1. An optimization is not a guarantee. Optimizations can be turned off, while a given algorithm may not work unless a return_call is used.
2. Even if the optimization is mandatory starting from a given Swift version, a program relying on said optimization will compile without warning on an earlier version of Swift, only to later fail at run time. When trying to compile a program that relies on a later version of Swift, using an earlier version of Swift, it is better to receive a syntax error at compile time, then hit an unexpected error at run time.
3. TCO, being an optimization, has to ensure the semantics of return are maintained. For instance, it cannot apply in the presence of defer or do-try. Not only that, it would "fail" without issuing any warning or error during compile time. The program would, instead, fail unexpectedly at run time.
4. Likewise, TCO cannot play well with ARC. The mere presence of a local reference variable makes reference handling that much more complex, if the dereference cannot occur after the callee returns.
5. While return_call takes less memory than return, it is not guaranteed to be faster. As such, it should be up to the developer to decide when to use it, and when not to.

Alternative syntax

Other possible names for the new syntax:

tail return
tail_call
tailcall
return continue
goto

Parameters

There is no semantic reason why the callee and caller would be required to have the same parameters. But it may simplify implementation if they are. This aspect is open for debate.

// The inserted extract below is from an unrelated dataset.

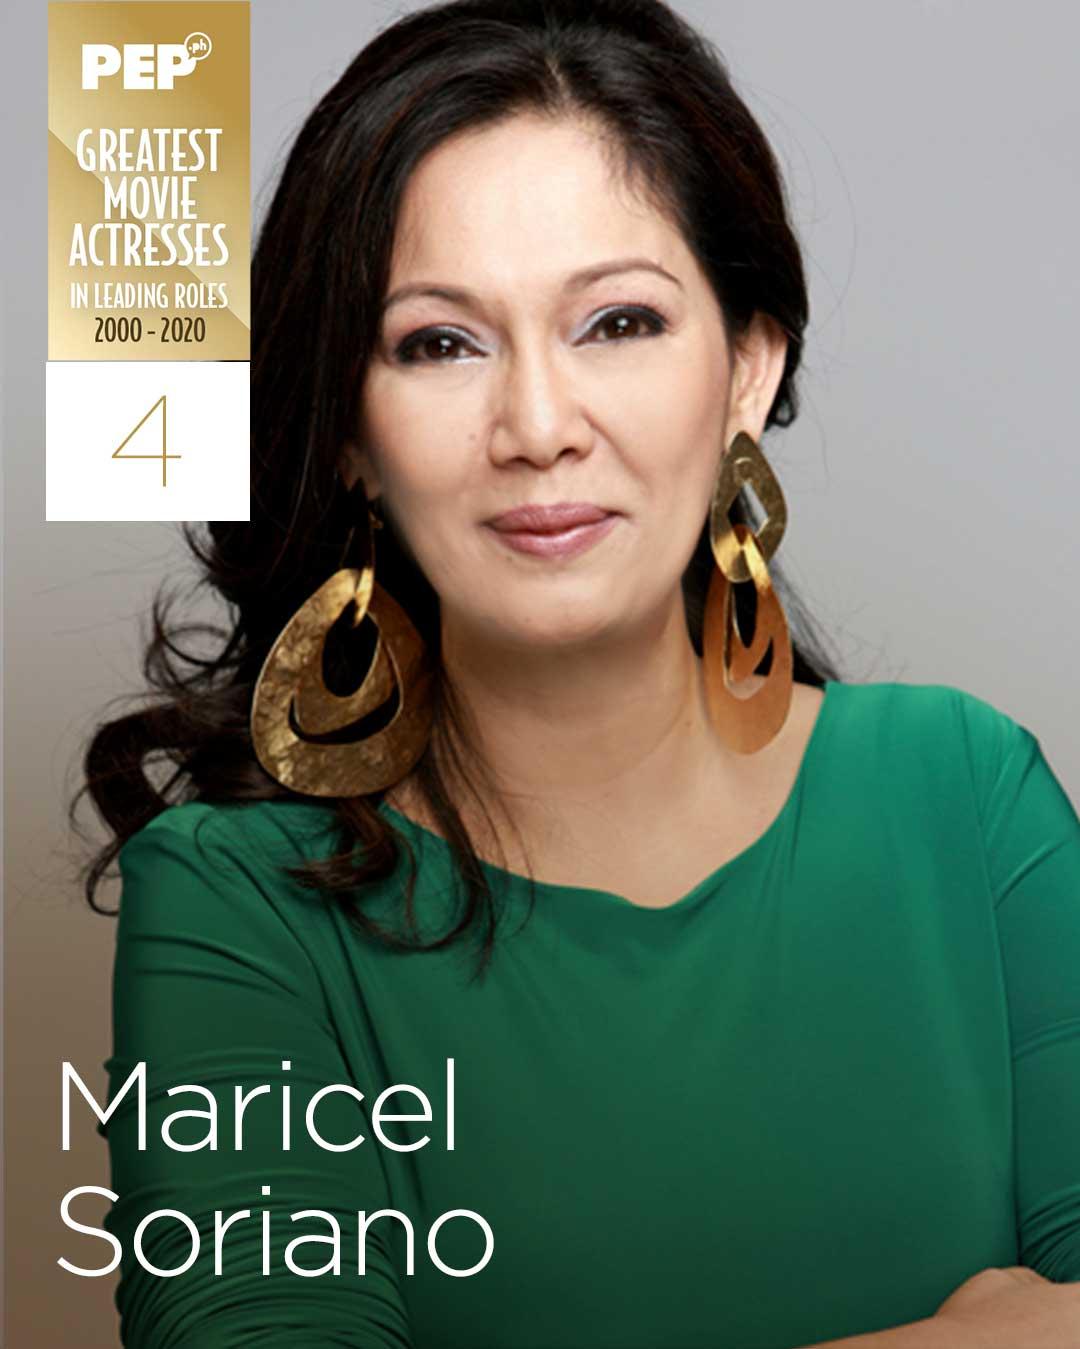 Maricel Soriano, 15 Greatest Actresses
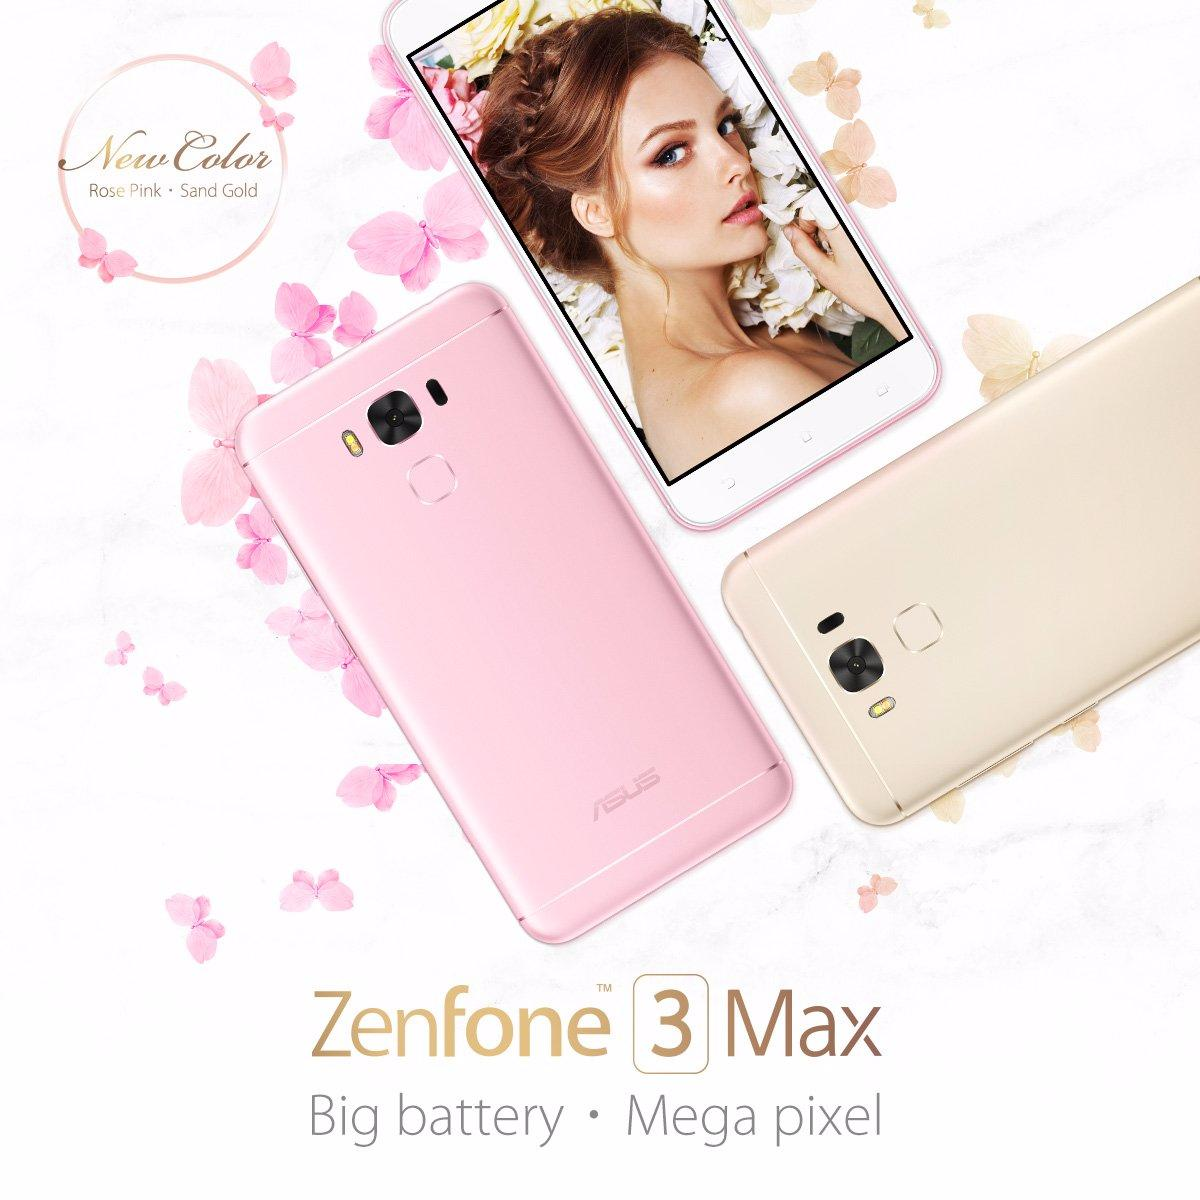 ASUS ZenFone 3 Max 5.5 (ZC553KL) 3GB Ram / 32GB – Local Set 1 Year Asus Warranty

Reliable tail calls in Swift would definitely require an explicit tail call syntax. However, to support cross-function and non-sibling tail calls, we would also need to know that a callee is intended to be tail-callable, since the usual platform calling convention ABI is not amenable to guaranteeing tail calls. With a @tailCallable attribute on the callee, we would be able to emit the callee with a convention that can guarantee tail calls. Maybe we can infer when a function is the callee of a tail call for local functions that are tail-called in the same file, but it would need to be explicit if a module wants to export public API as tail callable.

It'd be interesting to think about how a reswitch feature could be made to lower to the sort of array address lookup you're hoping for. It seems like basically you want the enum's case representations to directly be the case label addresses you want to jump to. If the enum was defined locally in the same scope as the single switch that dispatches over it, maybe an optimization pass could do that transformation.

I don't understand why the ABI of the callee is relevant. Rather, the caller should just deallocate its own stack frame, and then make the call in the context of the parent, just as if the parent had implemented a trampoline.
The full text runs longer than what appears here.